The annoying thing is that the email that I’m using, and the site itself, a marketing blog for therapists, would be misaligned if I used it to outreach to plumbers or medical facilities.
A somewhat minor point, but if I wanted to keep using my blog as a form of ‘social proof’, I’d need to either convert the existing blog to a more general, local-business audience, or start an entirely new site.
Find larger amounts of prospects
The other annoying thing about the SSL outreach process is the limited amount of prospects.
I can easily find hundreds and hundreds of therapist websites, but after whittling them down to the ones that have insecure content issues I may be left with 40 prospects from a list of 700, for example.
And then, maybe I’m only able to get email addresses from 75% of them, so the list shrinks more.
The logical thing to do is cold outreach the larger segment of prospects who don’t have the SSL error and try to sell them on a service.
It’s a harder sell. And now I’m offering a lot less value in that initial outreach.
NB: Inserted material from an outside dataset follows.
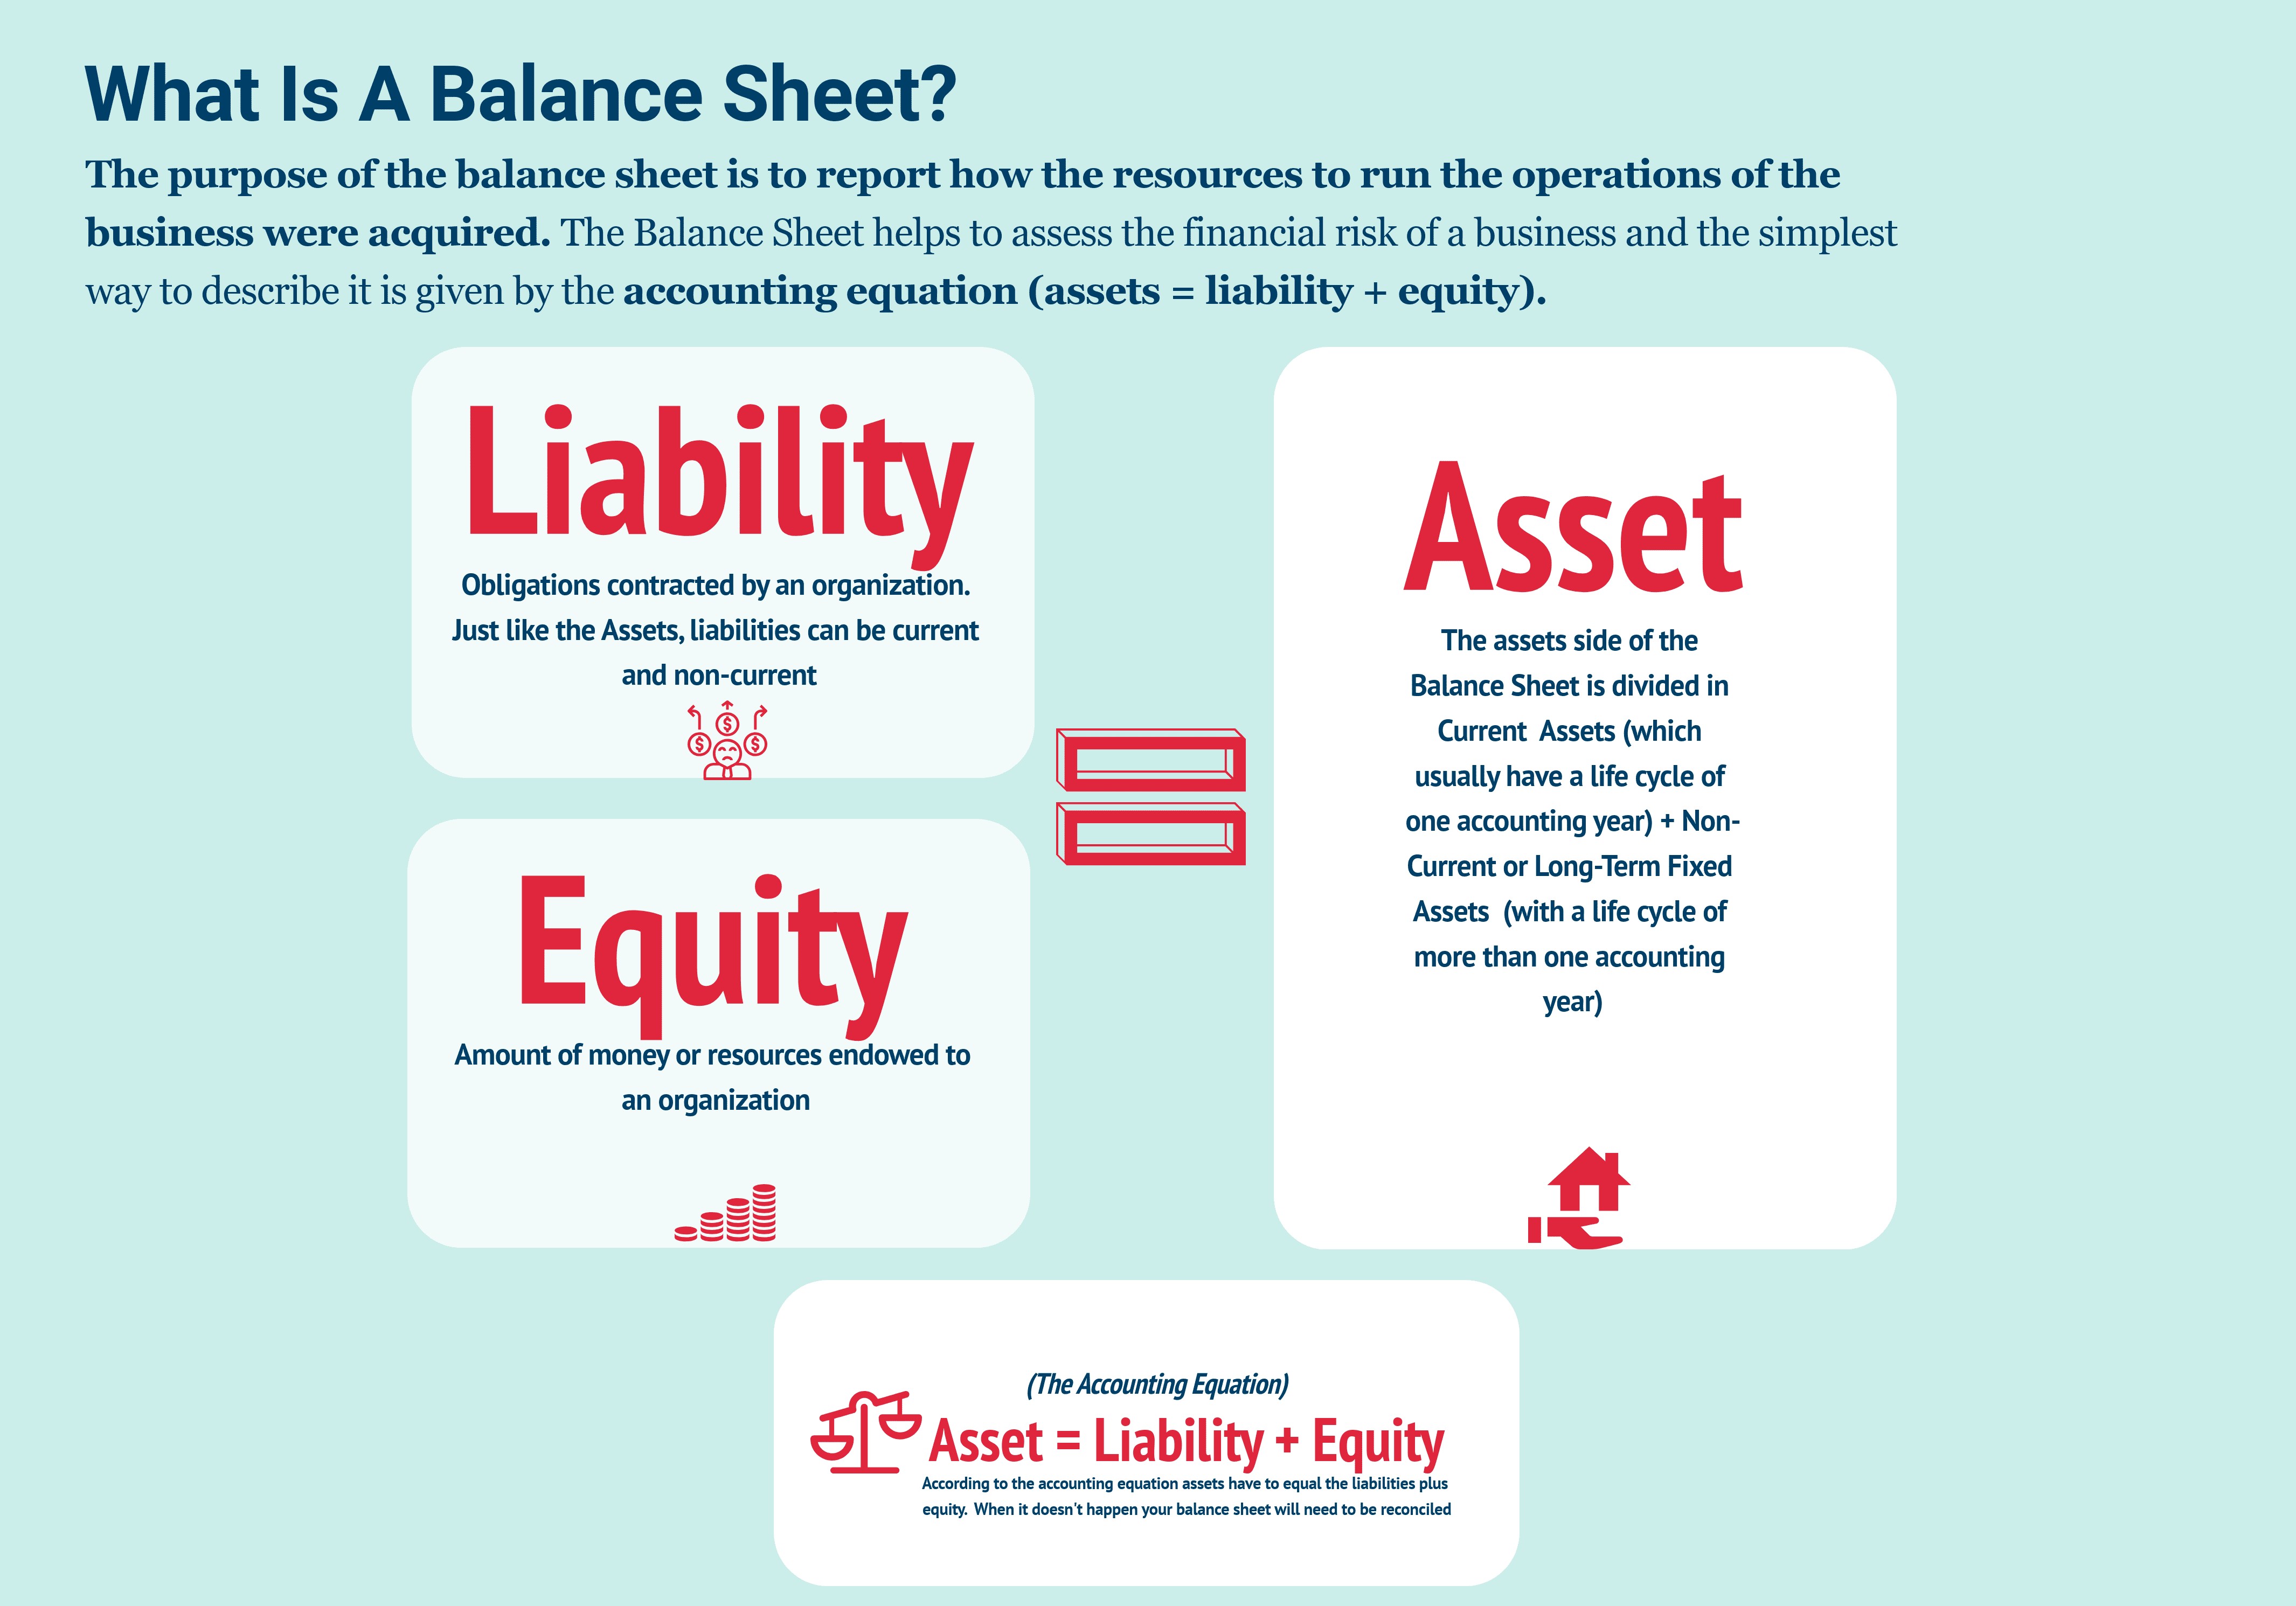 How to Make a Balance Sheet?

I’ve become no better than the thousands of anonymous SEO spammers harassing my contact forms on a daily basis.
Niche down or go general?
I think to truly do it right, I’d want to target a specific niche industry.
Something eminently more cash-rich than private practice therapists. I’d build out a niche marketing blog and contact them from the associated email address.
Or maybe I’d build a generic local business site and test out different outreach campaigns- that would give me more flexibility.
Summing Up
I like the potential here- but the scraping/list cleanup is a hassle…especially if you’re only looking for websites with Insecure Content homepages. It’s better to broadcast to a larger audience- but the trick is how to provide value unless you’re comfortable trying to sell SEO services cold.